İslâm tarihinde bayrak
İslâm tarihinde Hz. Peygamber’in (sas) ilk defa Medine’ye girerken bayrak (livâ) kullandığı bilinmektedir. Hicret kafilesi Medine’ye yaklaştığında Büreyde bin Huseyb el-Eslemi, Resûlullah’a (sas); “Medine’ye yanında bir livâ olmadan girmeni istemem.” demiş ve sarığını kılıcına bağlayarak kafilenin önüne geçmiştir.

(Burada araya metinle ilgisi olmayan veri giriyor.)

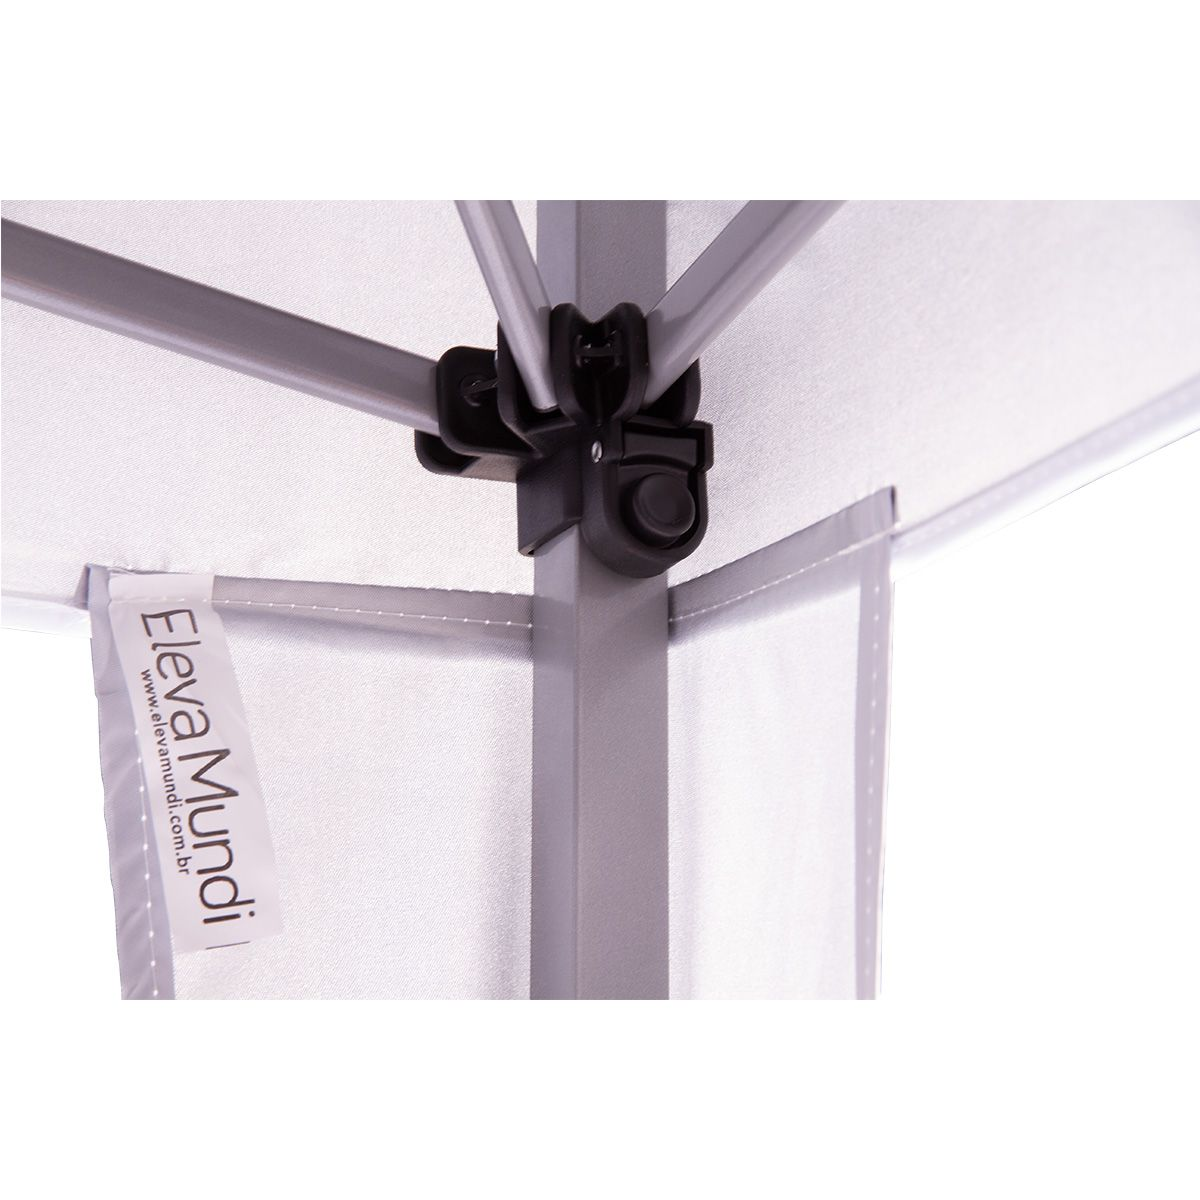 Gazebo 2x2 Articulado com Sistema Flexi Lock Eleva Mundi - Branco
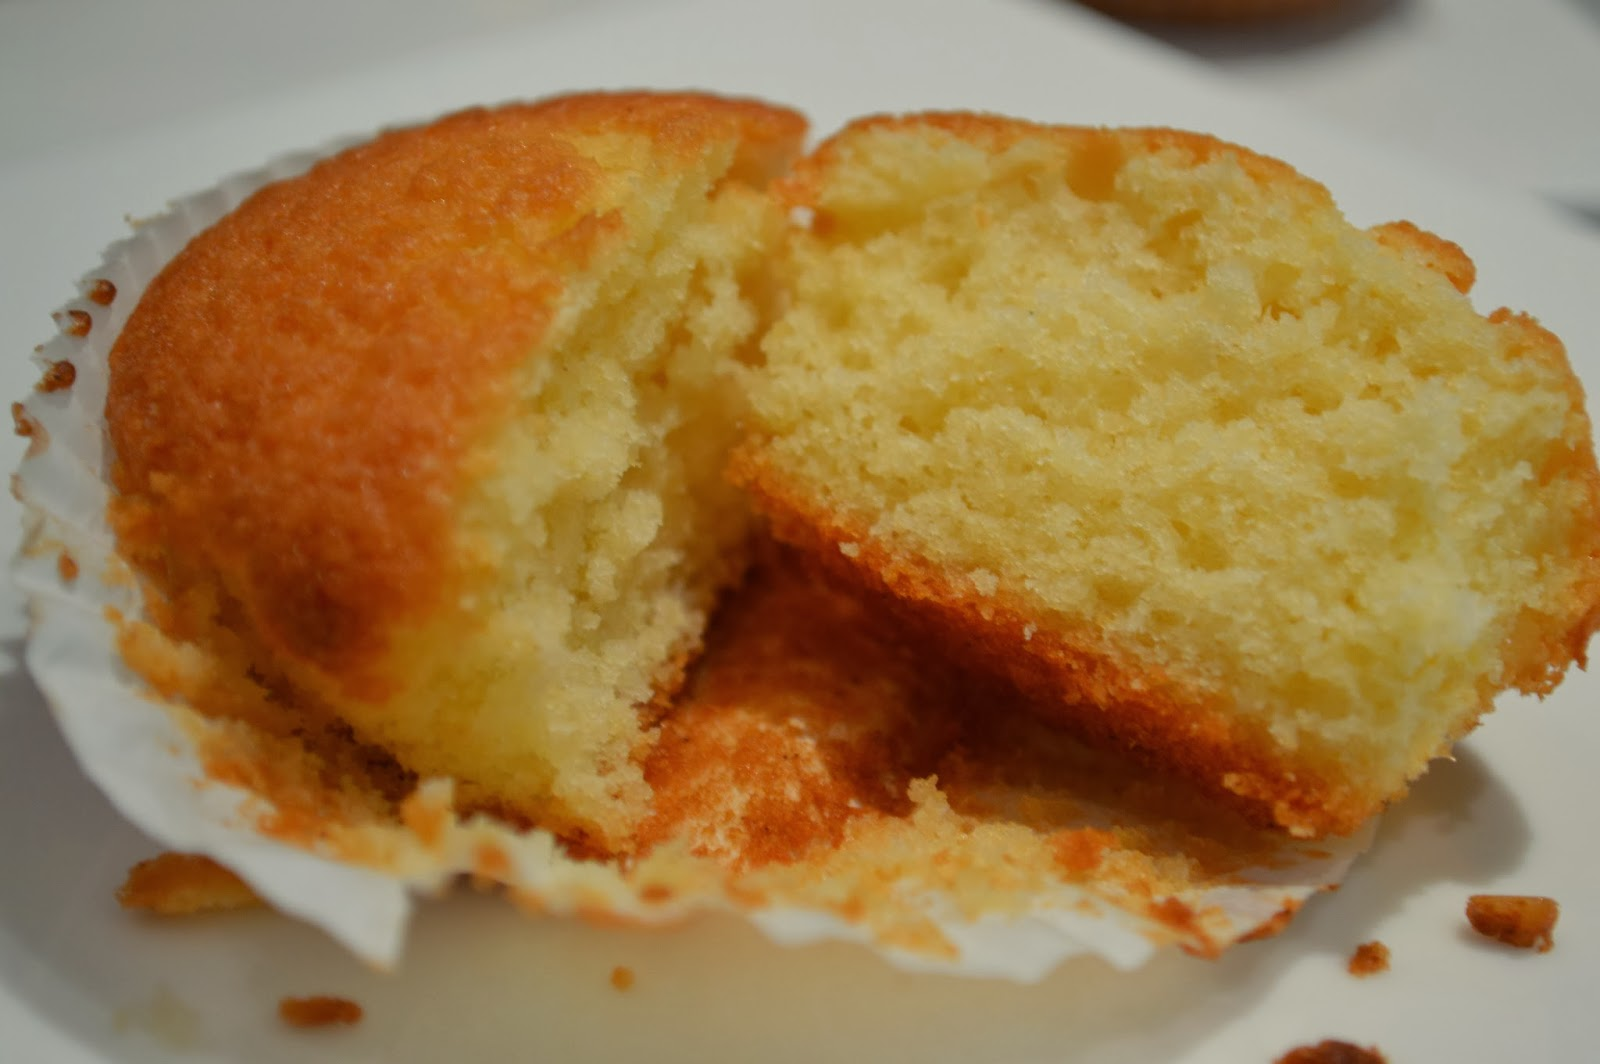 Perfect lemon cupcakes

Peygamberimiz (sas), hicretin yedinci ayında sefere gönderdiği Hz. Hamza (ra) komutasındaki birliğe bir bayrak vermişti. Efendimiz’in (sas) bizzat bir mızrağın ucuna beyaz bir bez bağlayarak askerlerden Ebu Mersed’e teslim ettiği, Livaü’l-Beyda ismiyle anılan bu ilk bayrak, Hayber gazasına kadar kullanılmıştır. Hayber’den sonra ise, bunun yerini ‘raye’ denen siyah bir bayrak almıştır. Bunun yanı sıra Hz. Muhammed (sas) zamanında beyaz, sarı, siyah, kırmızı renklerde çeşitli bayrakların kullanıldığı, ‘karakuş’ mânâsına gelen ‘ukâb’ isimli siyah bayrağın Hz. Aişe’nin (ra) kaftanından yapıldığı kaynaklarda belirtilmiştir.

Dört Halife devri, Emeviler, Abbasiler ve Endülüs Emevileri zamanlarında da çeşitli renk ve şekillerde bayraklar kullanılmakla birlikte, Emeviler daha ziyade beyaz; Abbasiler ise siyah bayrak kullanmıştır.


Türk tarihinde bayrak
Göçebe hayat süren Türk topluluklarında hükümdârların, yaban öküzü veya at kuyruğundan yapılan ‘tuğ’ isimli bayrak ve semboller kullandıkları bilinmektedir. Avrupa Hun Devleti Hükümdârı Atillâ’nın, üzerinden geçtiği kimselere zenginlik ve mutluluk getireceğine inanılan hüma kuşunun resmedildiği bir bayrağının bulunduğu eski bir kaynakta zikredilmektedir.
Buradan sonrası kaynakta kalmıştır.